Existe una conexión íntima entre el éxito de estados fuertes en el extranjero y la política populista en casa. Políticos como Marine Le Pen y Éric Zemmour en Francia, Viktor Orbán en Hungría, Matteo Salvini en Italia y, por supuesto, Trump en los EE. UU. han expresado simpatía por Putin. Ven en él un modelo para el tipo de gobierno de hombre fuerte que les gustaría ejercer en su propio país. Él, a su vez, espera que su ascenso debilite el apoyo occidental a Ucrania y salve su tambaleante “operación militar especial”.
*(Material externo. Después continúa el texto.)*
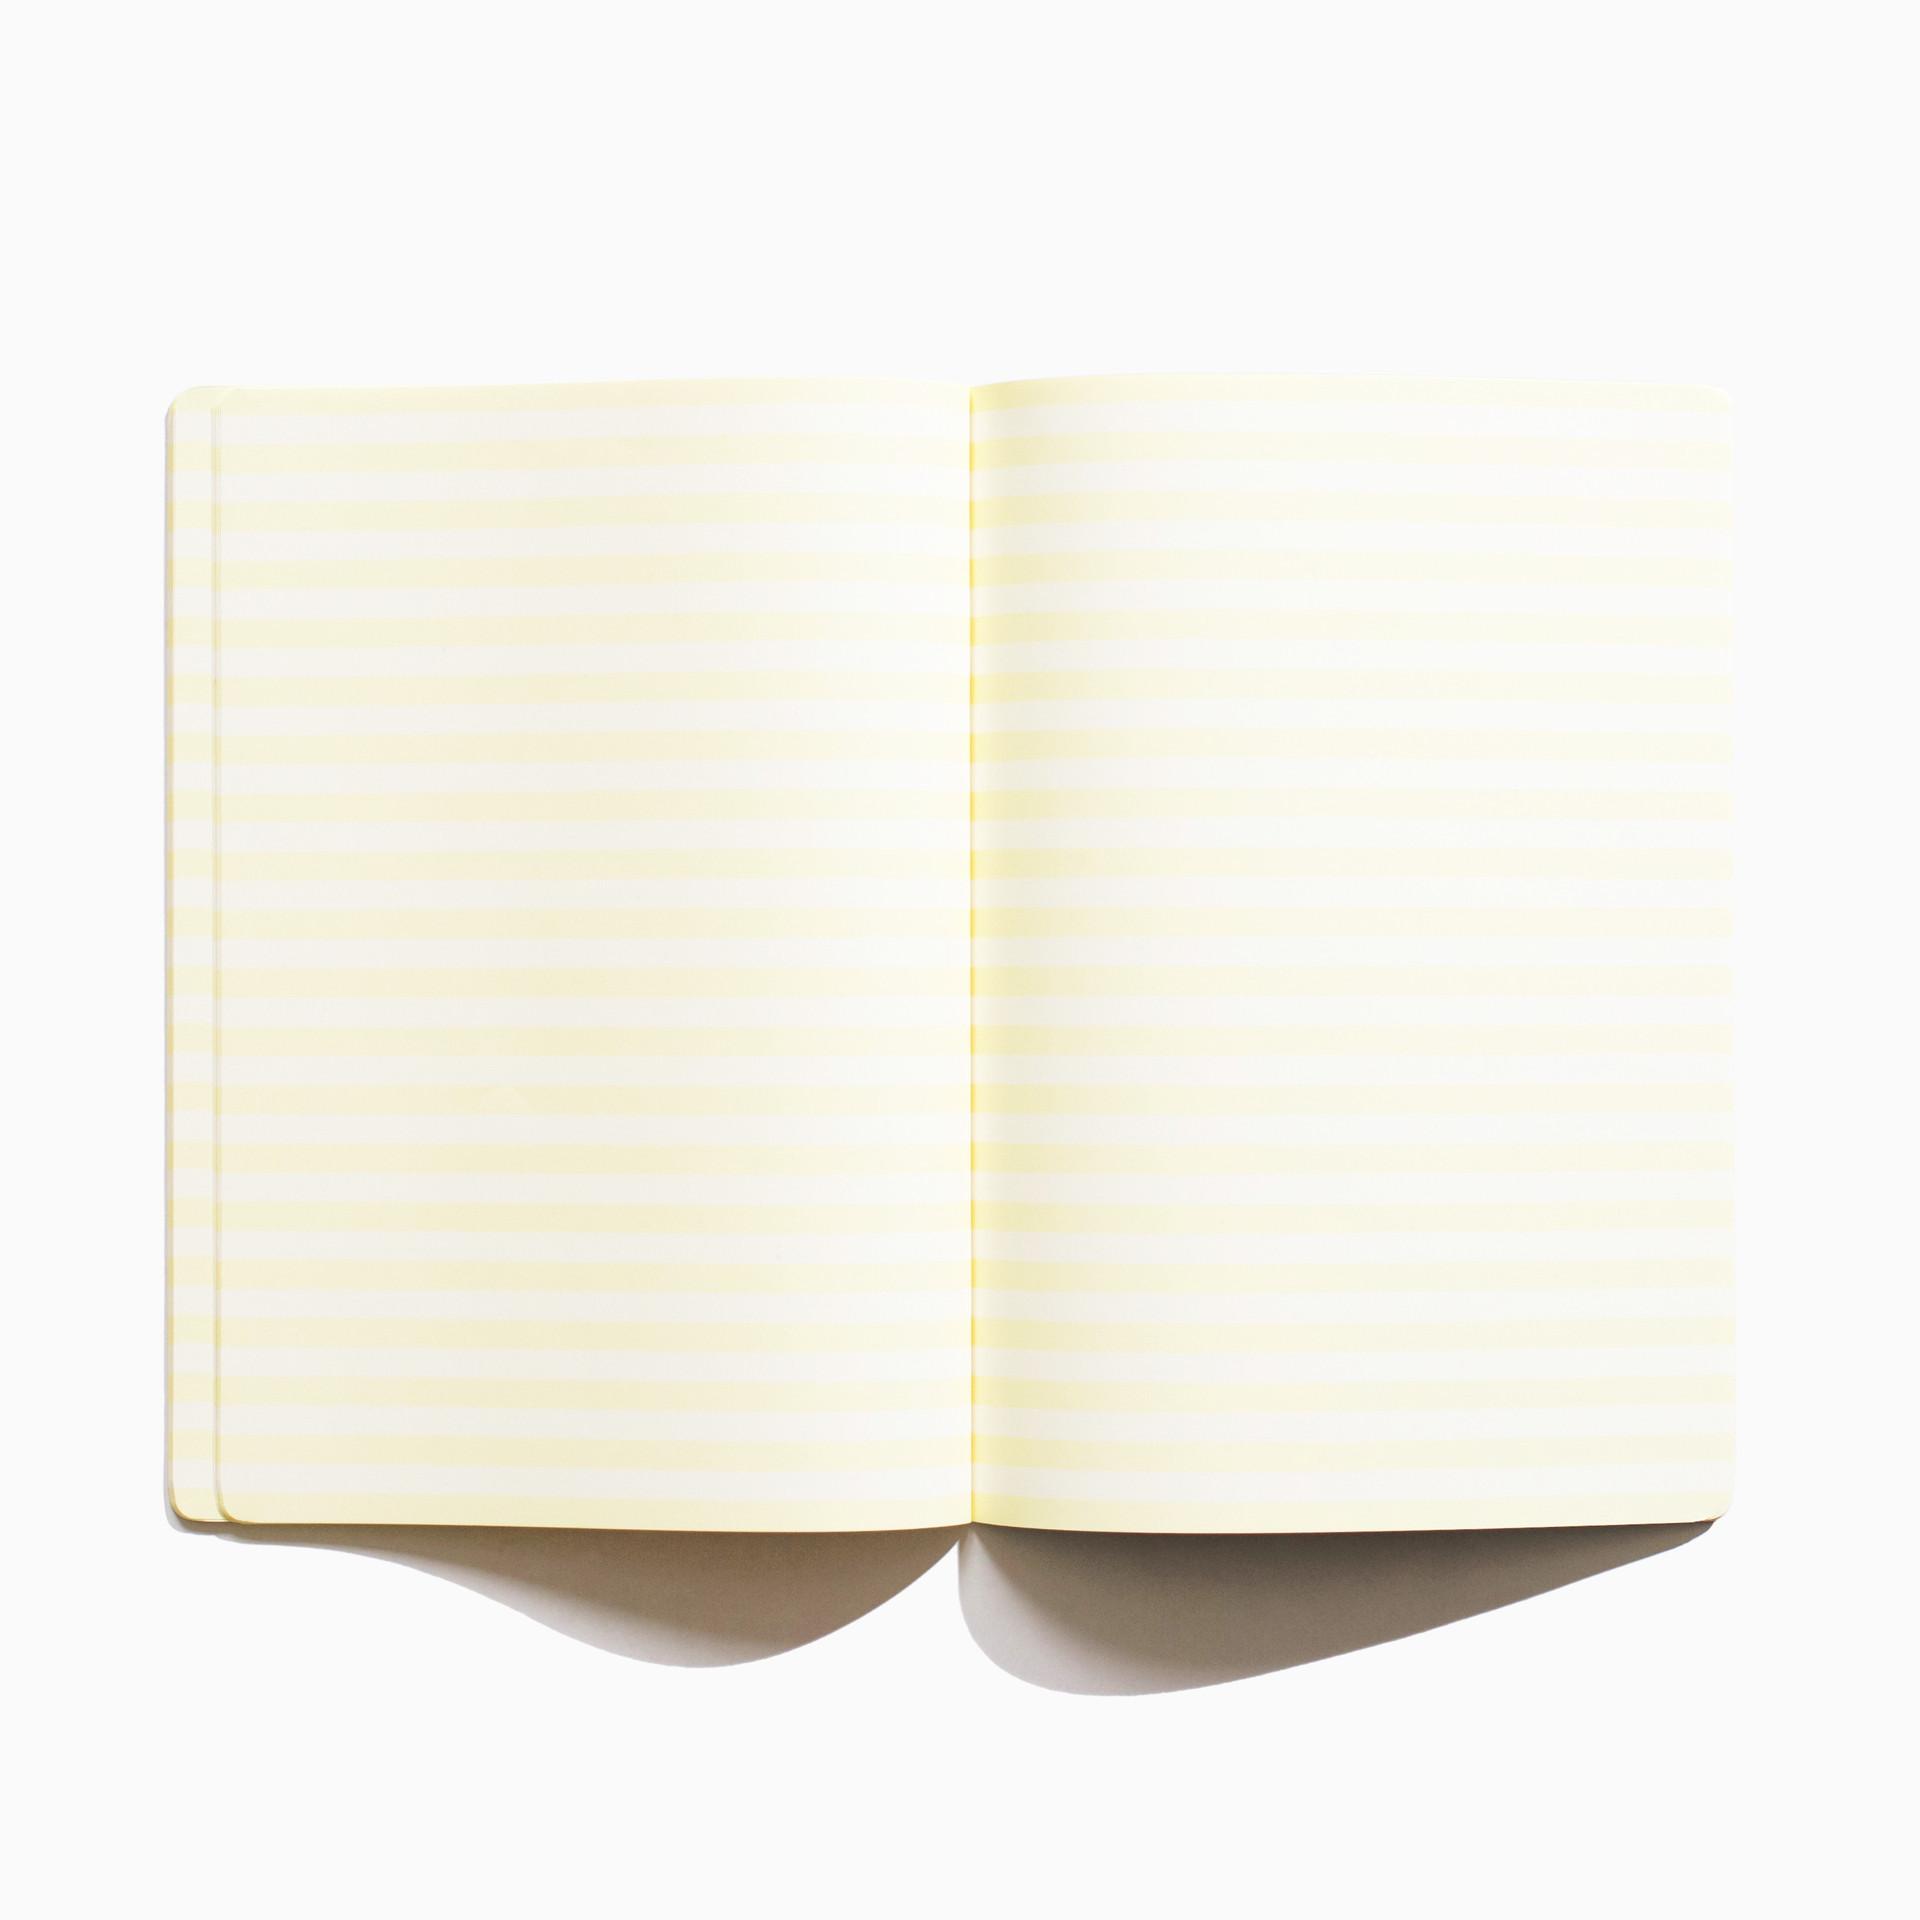 罫線ではなく、色で分ける。見た目でワクワク。書いてワクワク。文字を書くだけではなく、図形や絵も描きやすい。 勉強がはかどる!?このノートブックは、そんな煩わしい罫線をなくし、もっと、勉強することを楽しくするノートブックです。
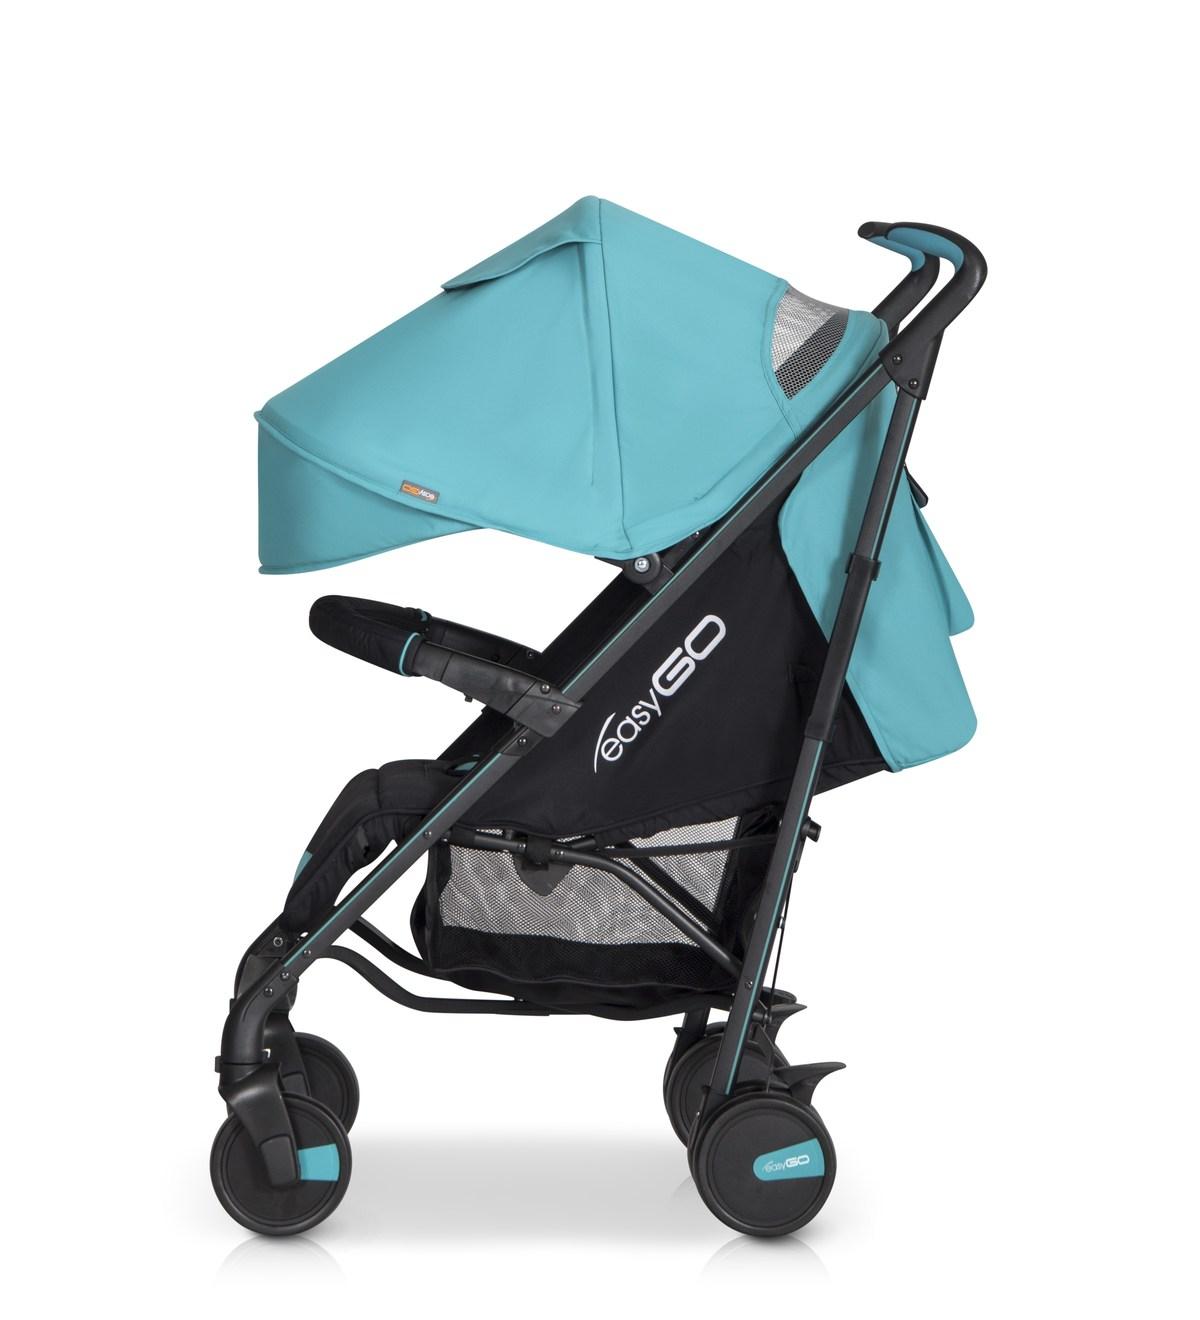 Kompaktowy wózek spacerowy Nitro Easy Go - typu parasolka

La democracia liberal no regresará a menos que la gente esté dispuesta a luchar en su nombre. El problema es que muchos de los que crecen viviendo en democracias liberales prósperas y pacíficas comienzan a dar por sentada su forma de gobierno. Debido a que nunca han experimentado una tiranía real, imaginan que los gobiernos elegidos democráticamente bajo los cuales viven son dictaduras malvadas que se confabulan para quitarles sus derechos, ya sea la Unión Europea o la administración en Washington.
Pero la realidad ha intervenido. La invasión rusa de Ucrania constituye una verdadera dictadura que intenta aplastar una sociedad genuinamente libre con cohetes y tanques, y puede servir para recordar a la generación actual lo que está en juego. Al resistir al imperialismo ruso, los ucranianos están demostrando las dolorosas debilidades que existen en el núcleo de un estado aparentemente fuerte. Entienden el verdadero valor de la libertad y están librando una batalla más grande en nuestro nombre, una batalla a la que todos debemos unirnos.